- Exercise details
Using the data below, transcribe exactly everything from the line that contains "Ex Vivo Expansion and" down to the line that contains "Small Quilted Storage". Include both of those lines and none of the pictures.

- Source data

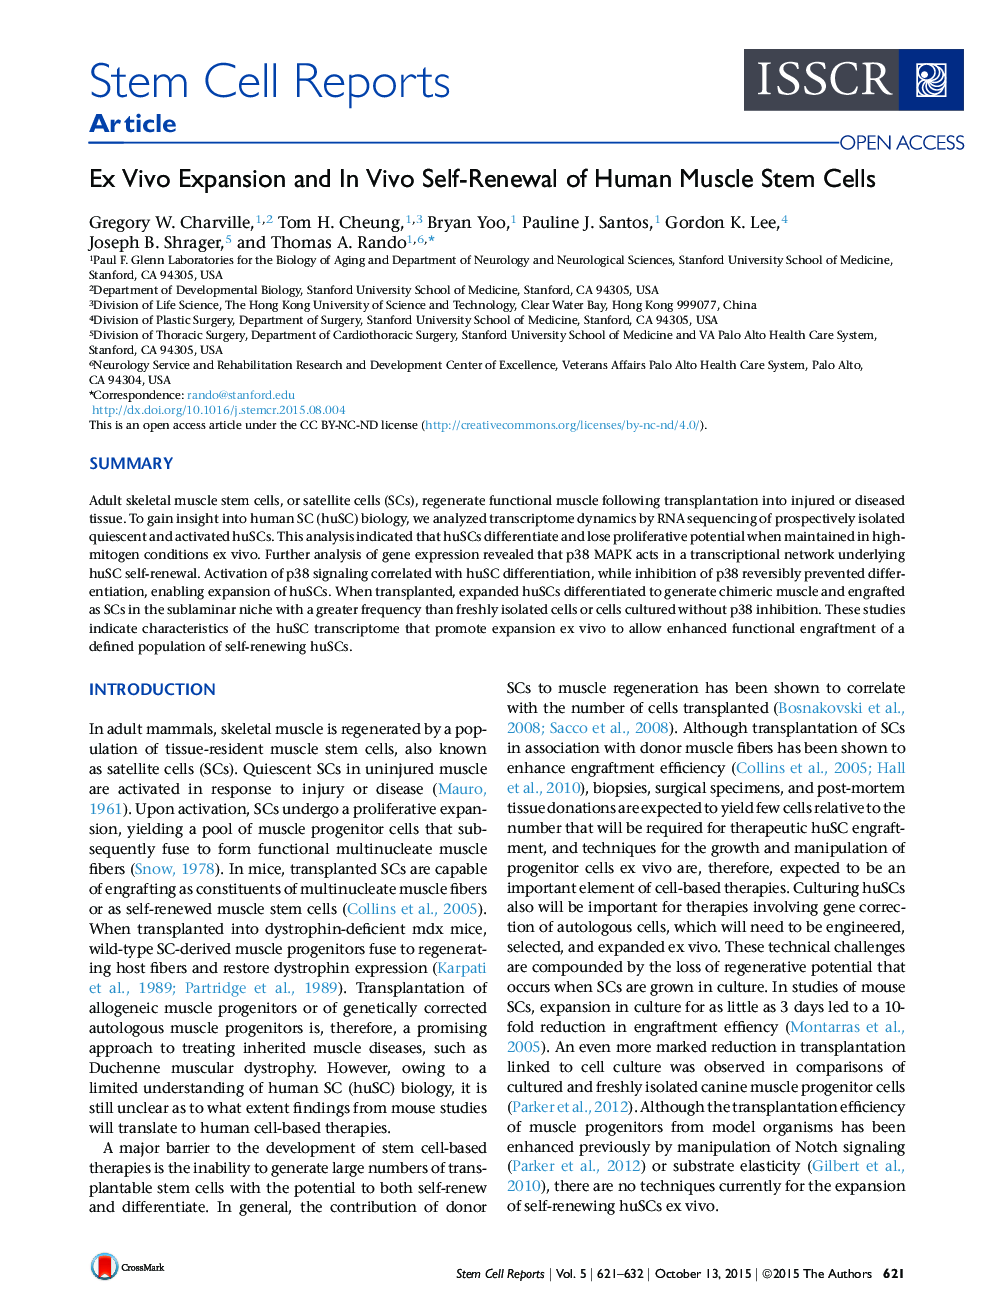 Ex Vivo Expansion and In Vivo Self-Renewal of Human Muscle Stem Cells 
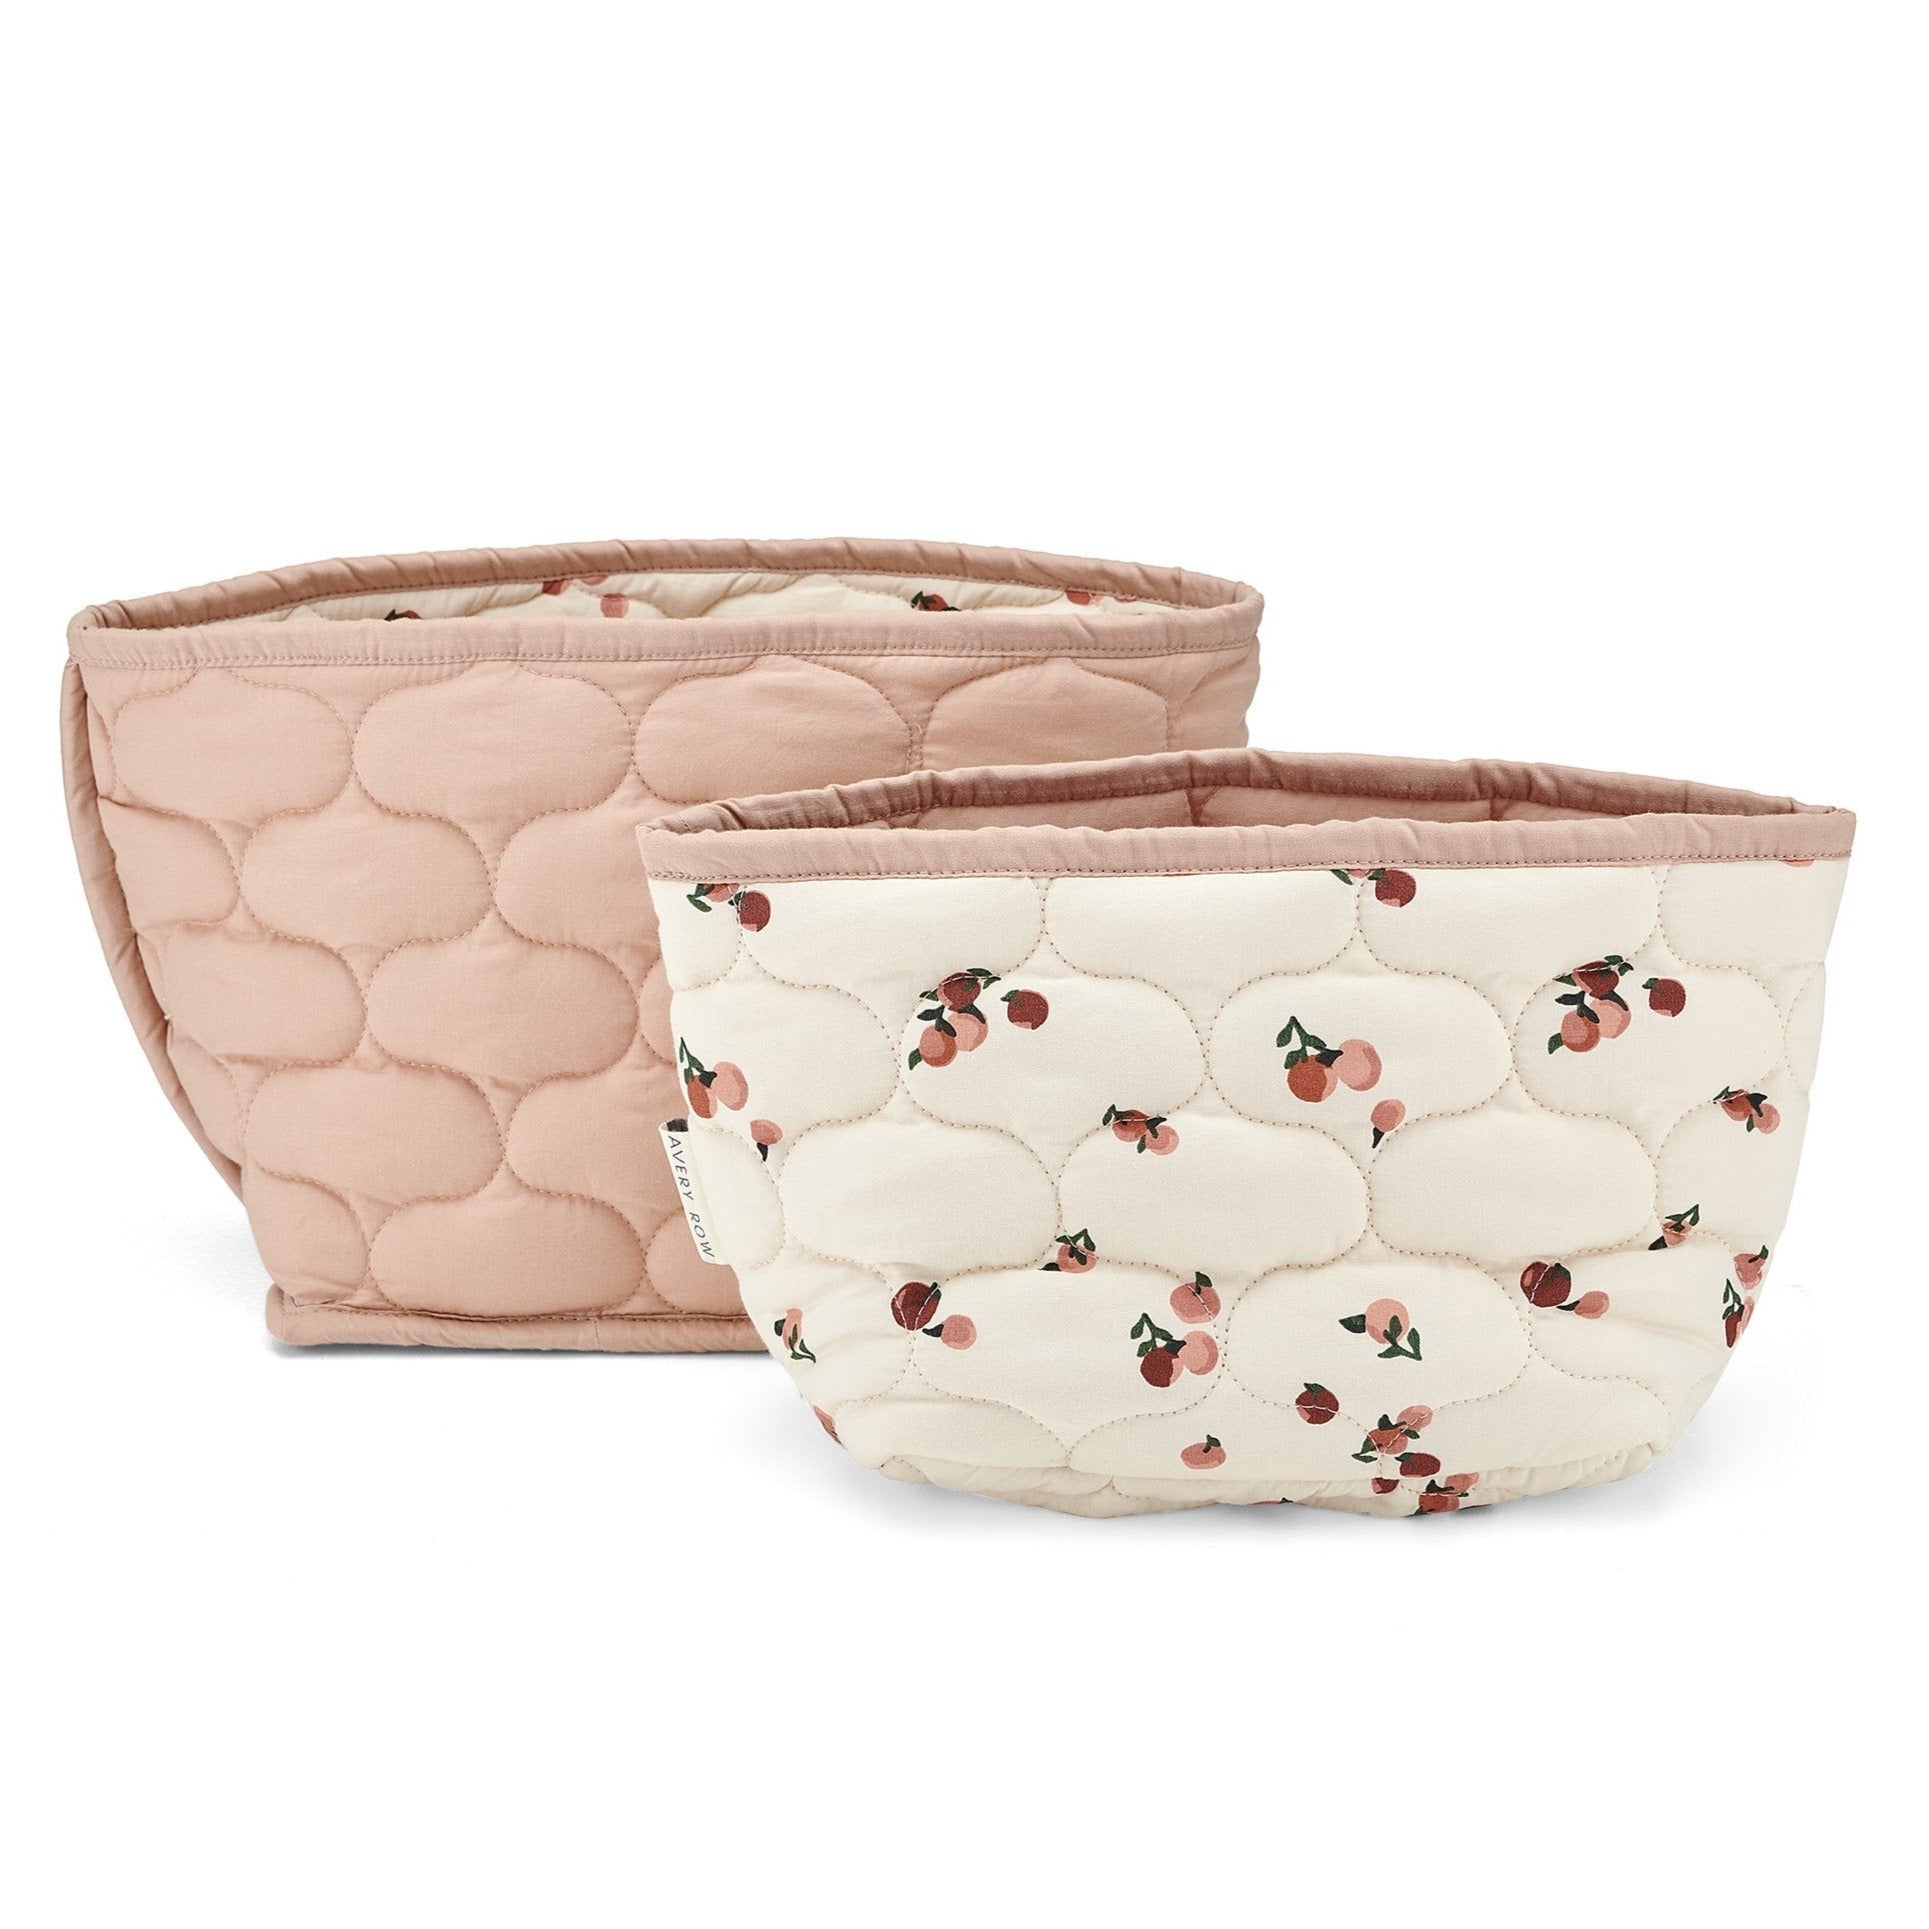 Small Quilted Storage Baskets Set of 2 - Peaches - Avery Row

...

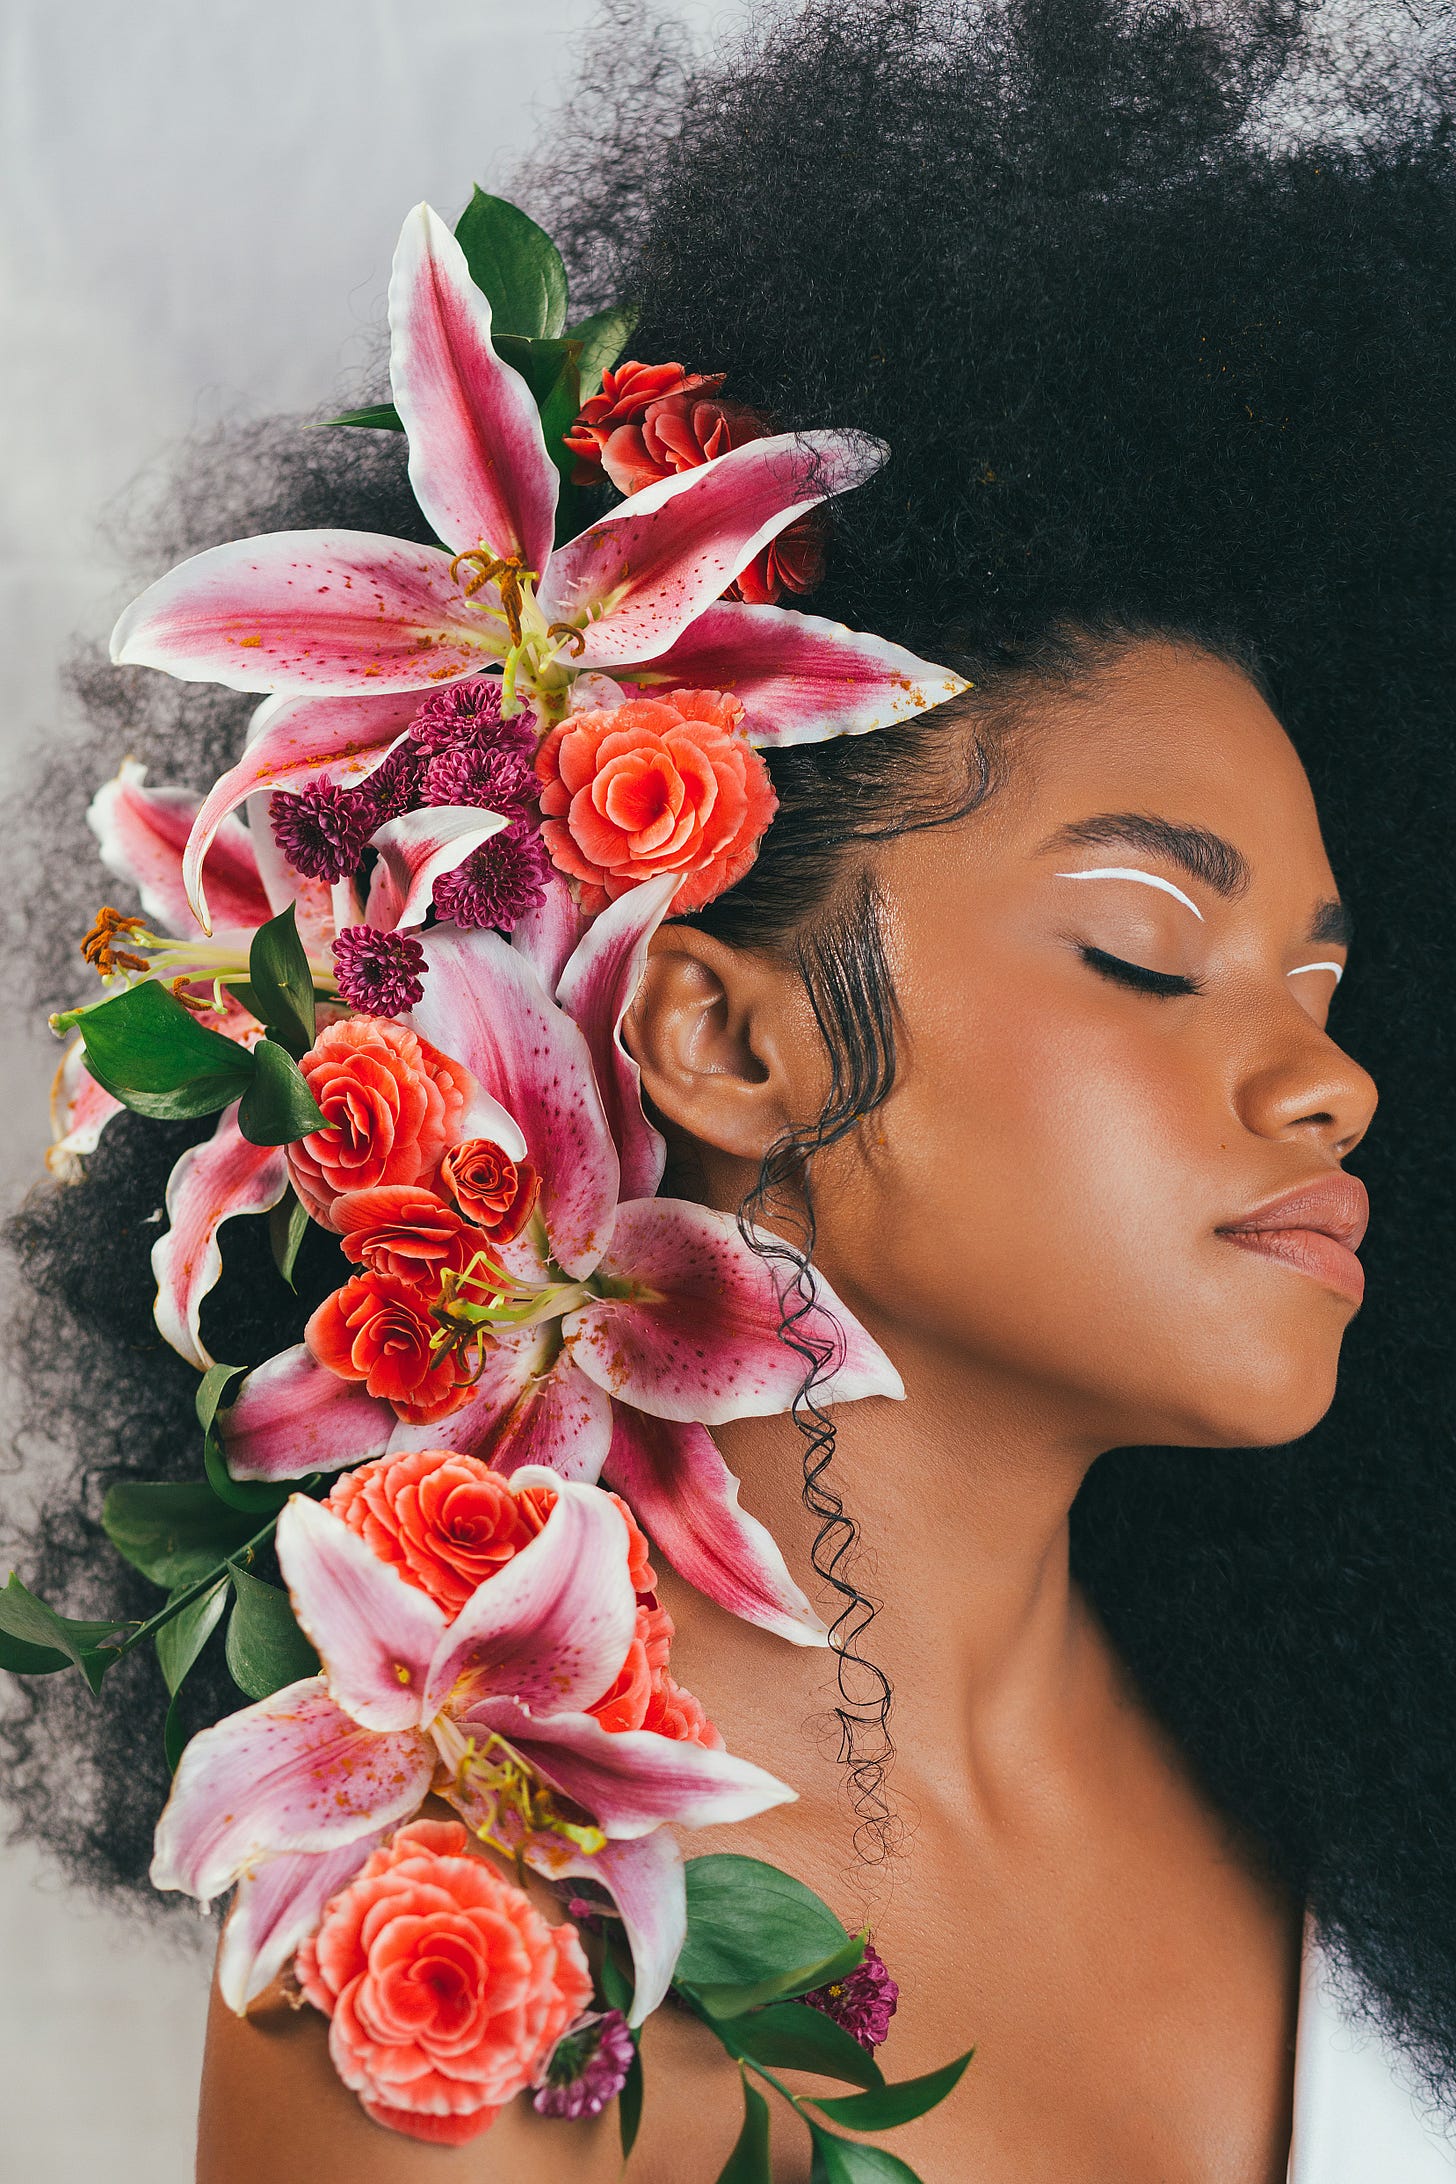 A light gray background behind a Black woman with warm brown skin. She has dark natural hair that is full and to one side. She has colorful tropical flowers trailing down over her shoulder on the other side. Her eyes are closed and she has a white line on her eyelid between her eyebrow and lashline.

- Your solution
 Ex Vivo Expansion and In Vivo Self-Renewal of Human Muscle Stem Cells 
 Small Quilted Storage Baskets Set of 2 - Peaches - Avery Row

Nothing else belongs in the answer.